◆ Exercise details
Give back an exact copy of the lines in the records below, from the line that has "Η Σάνσα θέλει" through the line that has "Apenas gente alrededor", and nothing besides.

◆ Provided material
○ ○ ○ ○
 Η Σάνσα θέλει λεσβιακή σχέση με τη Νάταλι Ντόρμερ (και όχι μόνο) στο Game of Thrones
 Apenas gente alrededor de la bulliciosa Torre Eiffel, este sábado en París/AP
○ ○ ○ ○
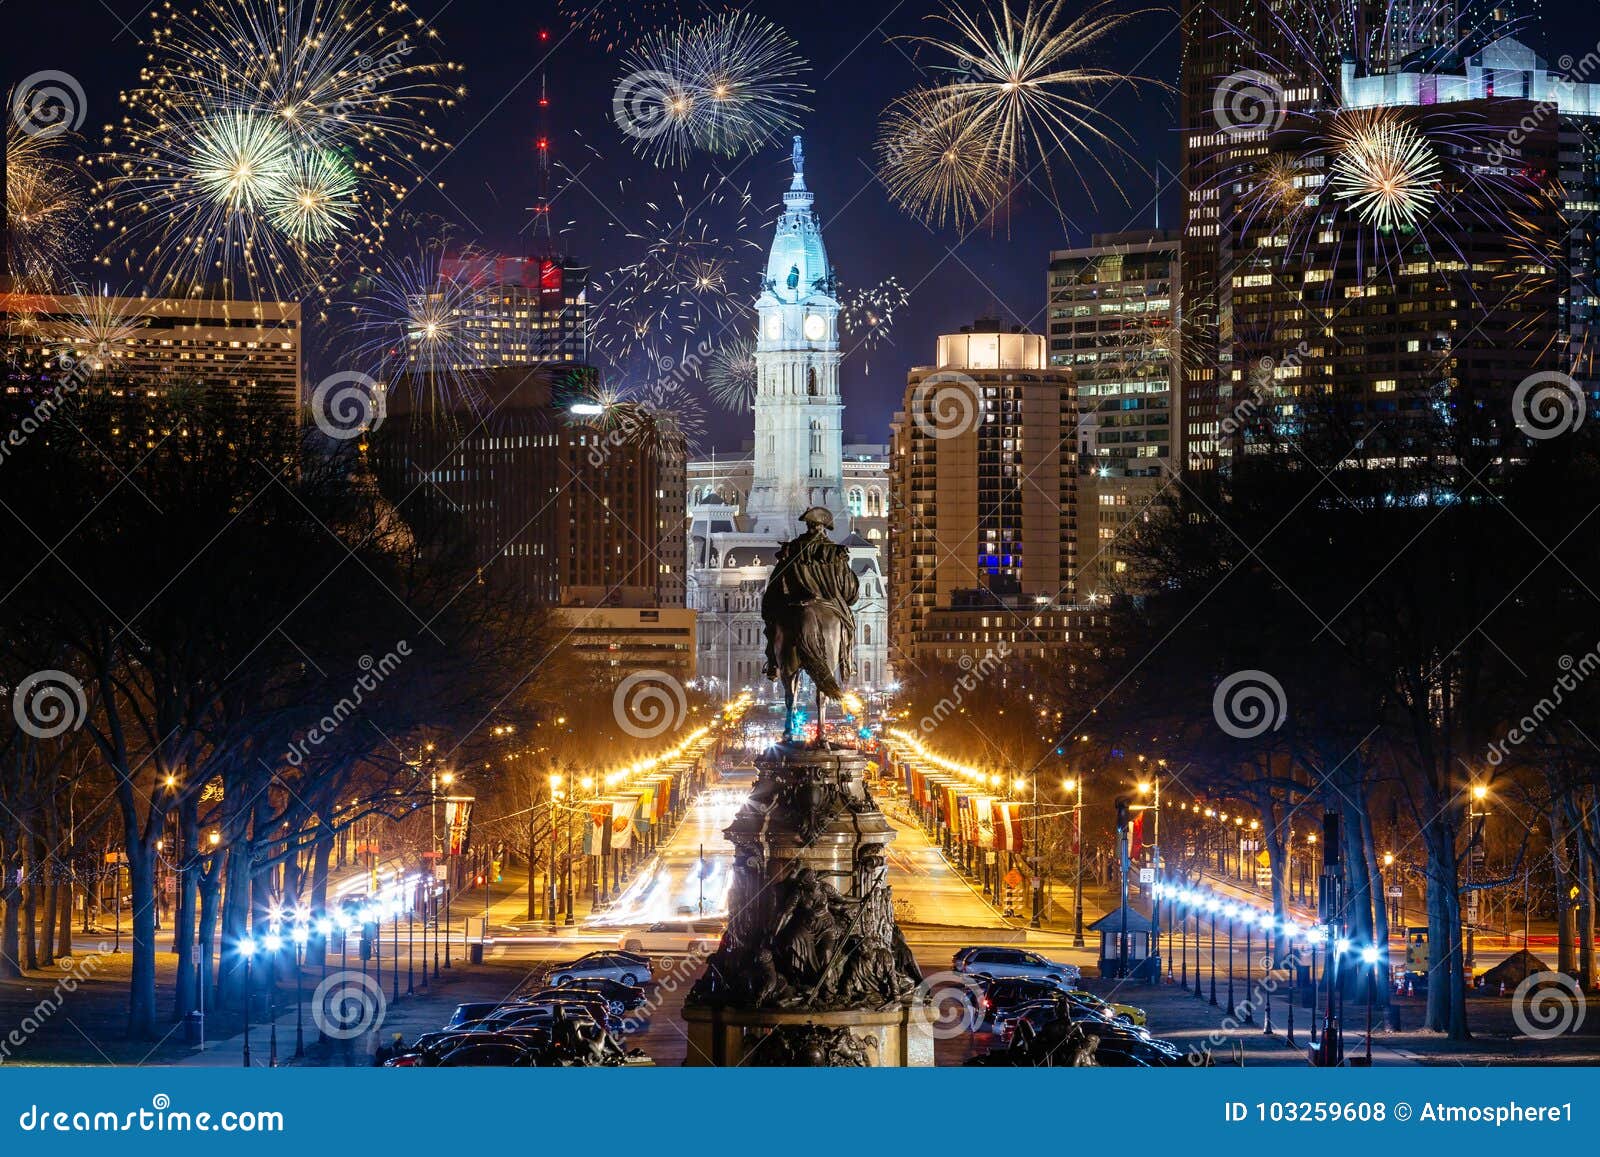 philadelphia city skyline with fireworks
○ ○ ○ ○
◆ Response
 Η Σάνσα θέλει λεσβιακή σχέση με τη Νάταλι Ντόρμερ (και όχι μόνο) στο Game of Thrones
 Apenas gente alrededor de la bulliciosa Torre Eiffel, este sábado en París/AP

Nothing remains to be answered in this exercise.